– Славный мальчик, – сказала она мне.
Одета она была по-военному строго, но элегантно, в коричневый костюм с прямыми плечами и модельные туфли из хорошей кожи. Она с любовью смотрела вслед удалявшемуся Дэну. «Славный» было не совсем подходящим определением для Дэна, хотя теперь от него не пахло рыбой и подгоревшим маслом. От него несло дешевыми сигаретами и казармой.
– Любишь его, да?
– Он мой младший брат. Я должна о нем заботиться. Армия не очень-то о них печется. Но ничего, он выживет. Он парень крепкий, в обиду себя не даст.
Да уж, с рыбой он расправляться умеет, прямо как китобой. Я представил себе, как он будет потрошить противника.
– Я часто поражаюсь контрасту между тобой, твоим младшим братом и моим уважаемым зятем. Я имею в виду разницу в умственном развитии. Ты уж не обижайся, но он ведь звезд с неба не хватает?
– Да, что-то у него там в мозгах не сложилось, ну да не беда. Наверно, сказался алкоголизм русского дедушки. Он и говорить-то научился с трудом, но почему-то трудности у него были только с английским. Мать хотела научить его валлийскому, но отец сказал, что в Манчестере этот язык ни к чему. Никто из нас валлийскому по-настоящему не учился. Тогда мать стала учить его русскому, да так усердно, что даже мы с Реджем на нем заговорили. Русский язык давался ему легко, а английского Дэн нахватался на улицах Манчестера. Для него язык родной матери – действительно родной. По натуре Дэн с детства ершистый, ласкать себя ни матери, ни отцу не давал, не то что Редж. Наш младшенький выдался упрямым и своевольным, вот и приходится за ним присматривать.

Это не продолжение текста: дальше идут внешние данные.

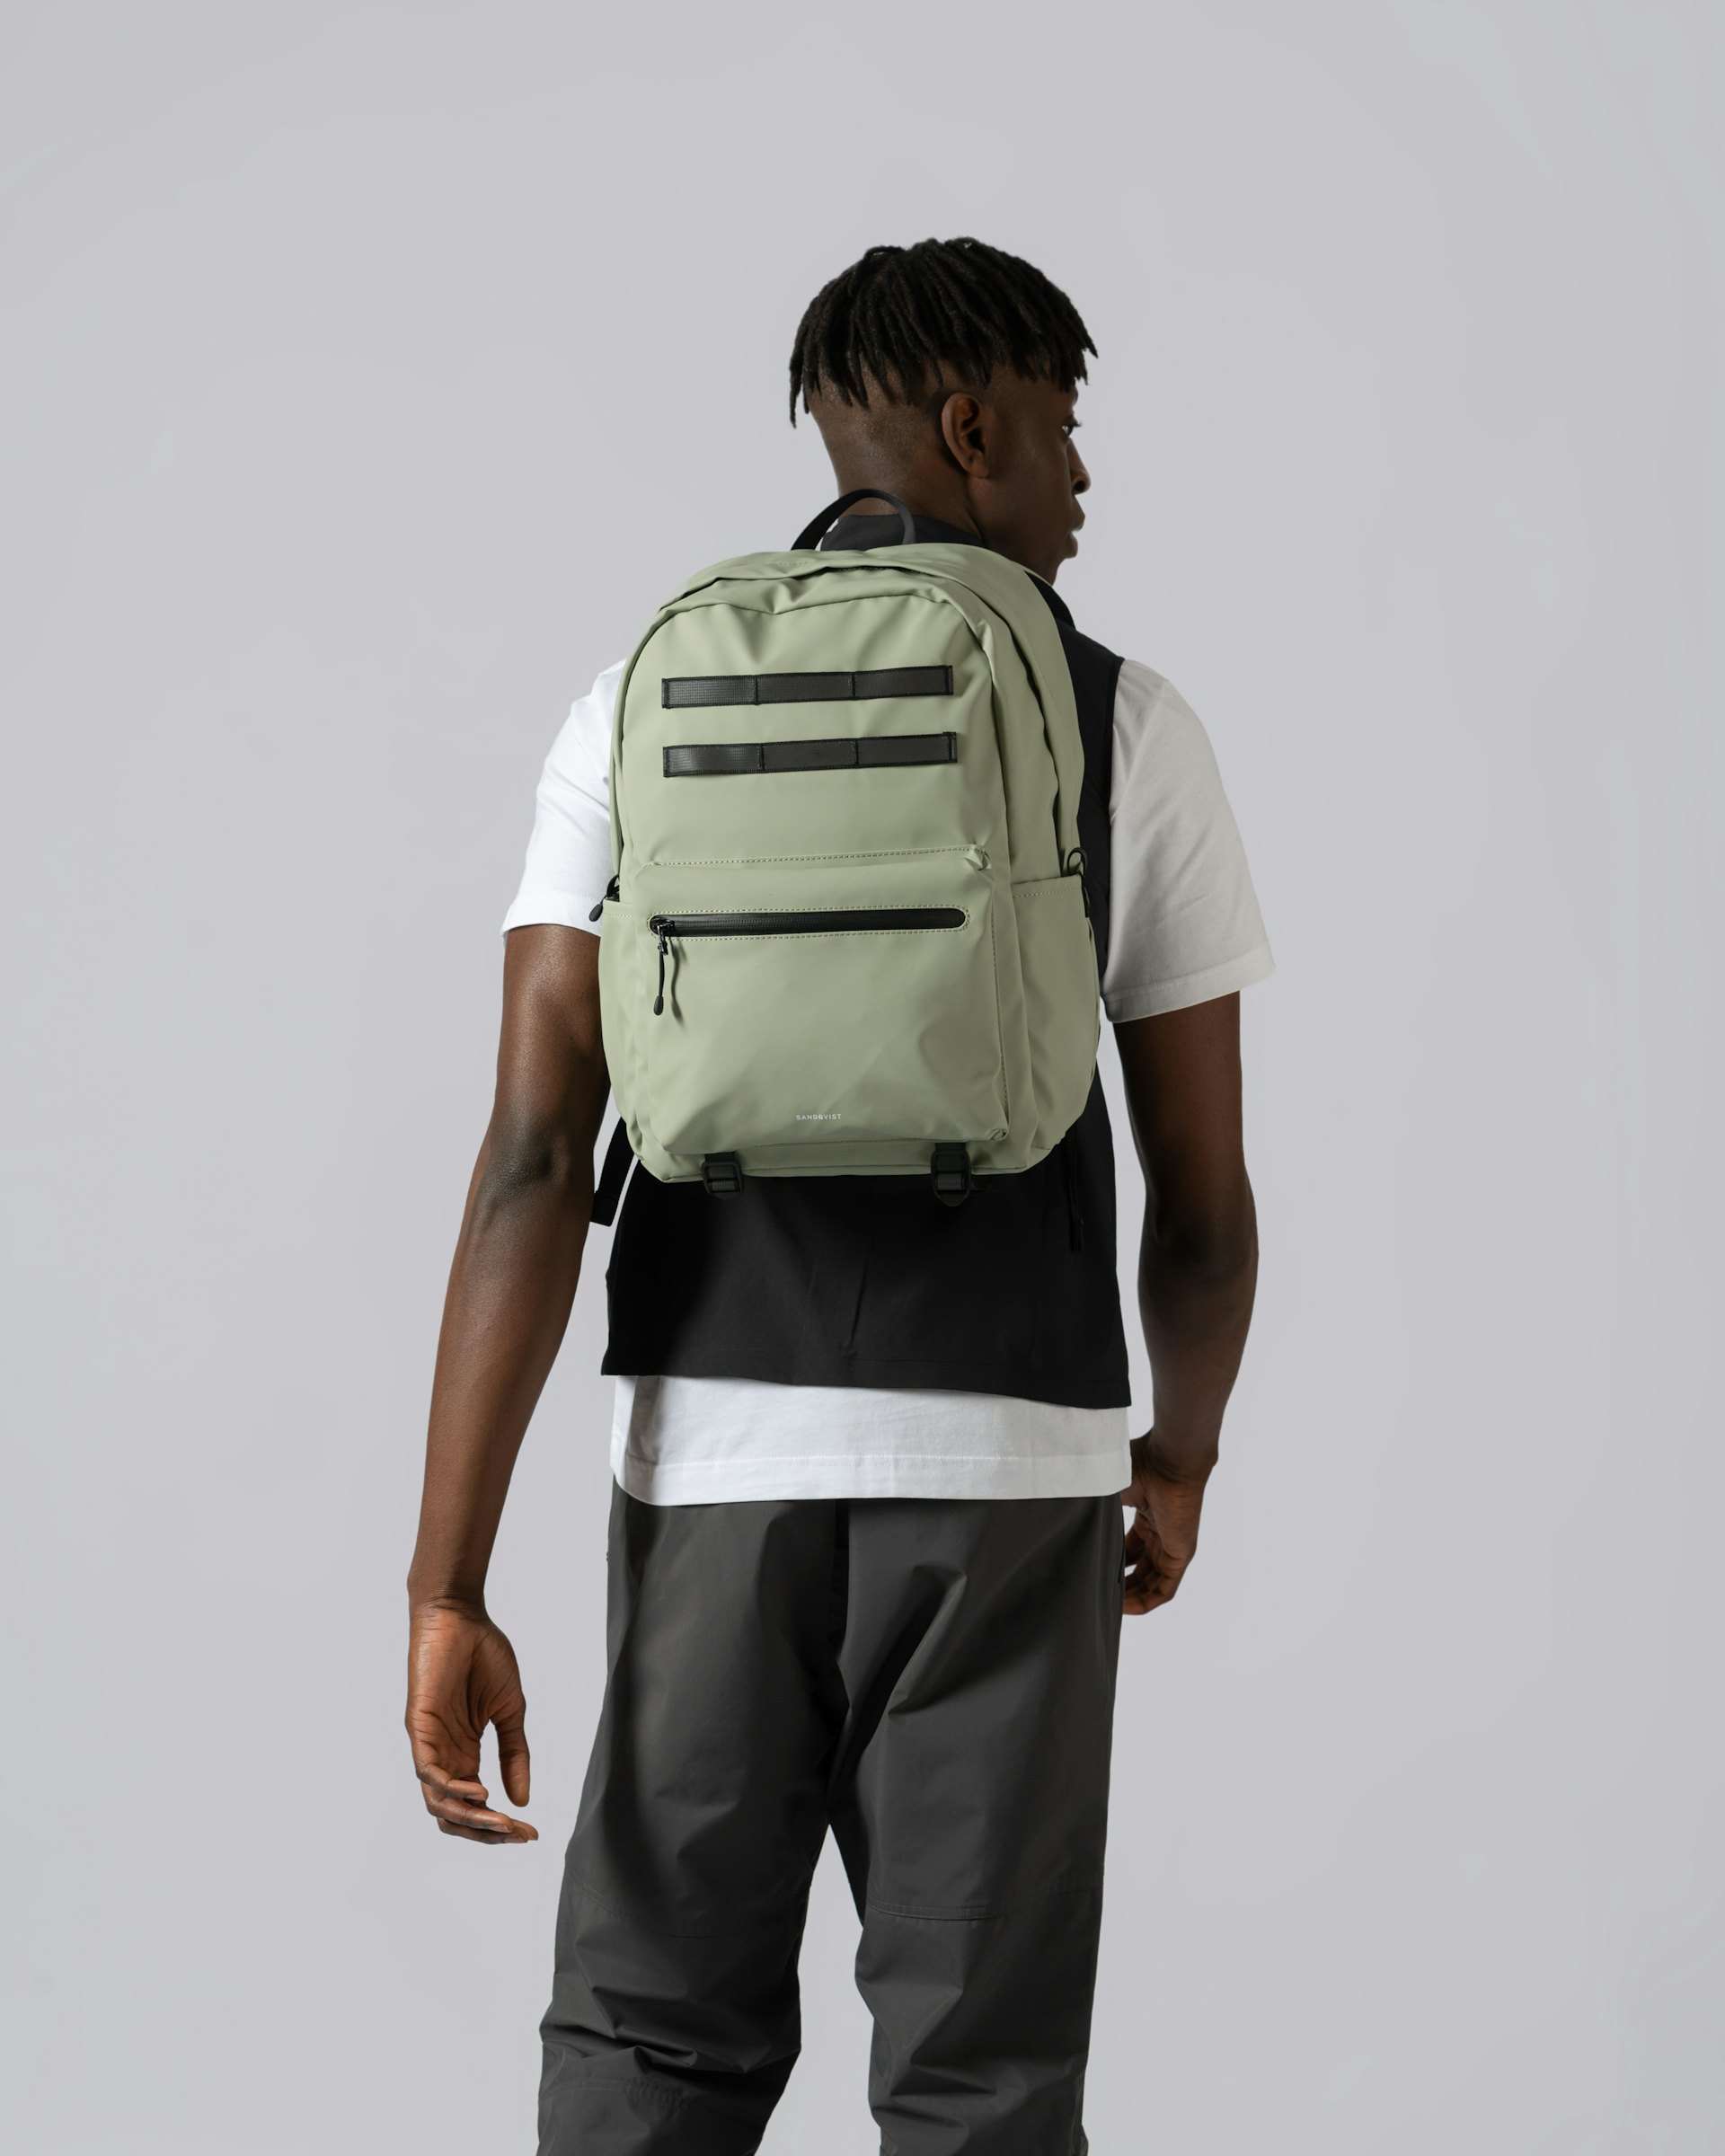 Alvar belongs to the category Backpacks and is in color dew green (6 of 6)

– Откуда у него такая тяга к рыбе?
– Ну надо же человеку чем-то заниматься, – неуверенно сказала она и сменила тему: – Как ты оказался в Лондоне?
Я ей объяснил.
– Да, – протянула она, – готовимся. Хотя дядюшка Джо не верит, что Красная Армия дойдет до Ла-Манша, а может быть, и не очень этого хочет. – Вдруг в ее глазах блеснули искорки: – Поздновато приглашать тебя на чай. Но у меня есть настоящая русская водка. Подарок советского посольства. У меня там выискался двоюродный брат или что-то в этом роде.
Так-так, это мы уже проходили: потом она отдаст приказ раздеться и на сей раз увидит смуглое мускулистое тело солдата. Но мне ведь надо вернуться в казарму до полуночи – да к черту их всех, в конце концов, могу прикинуться, что не понял. Уже четверть двенадцатого, все равно опоздаю, так какая разница на сколько.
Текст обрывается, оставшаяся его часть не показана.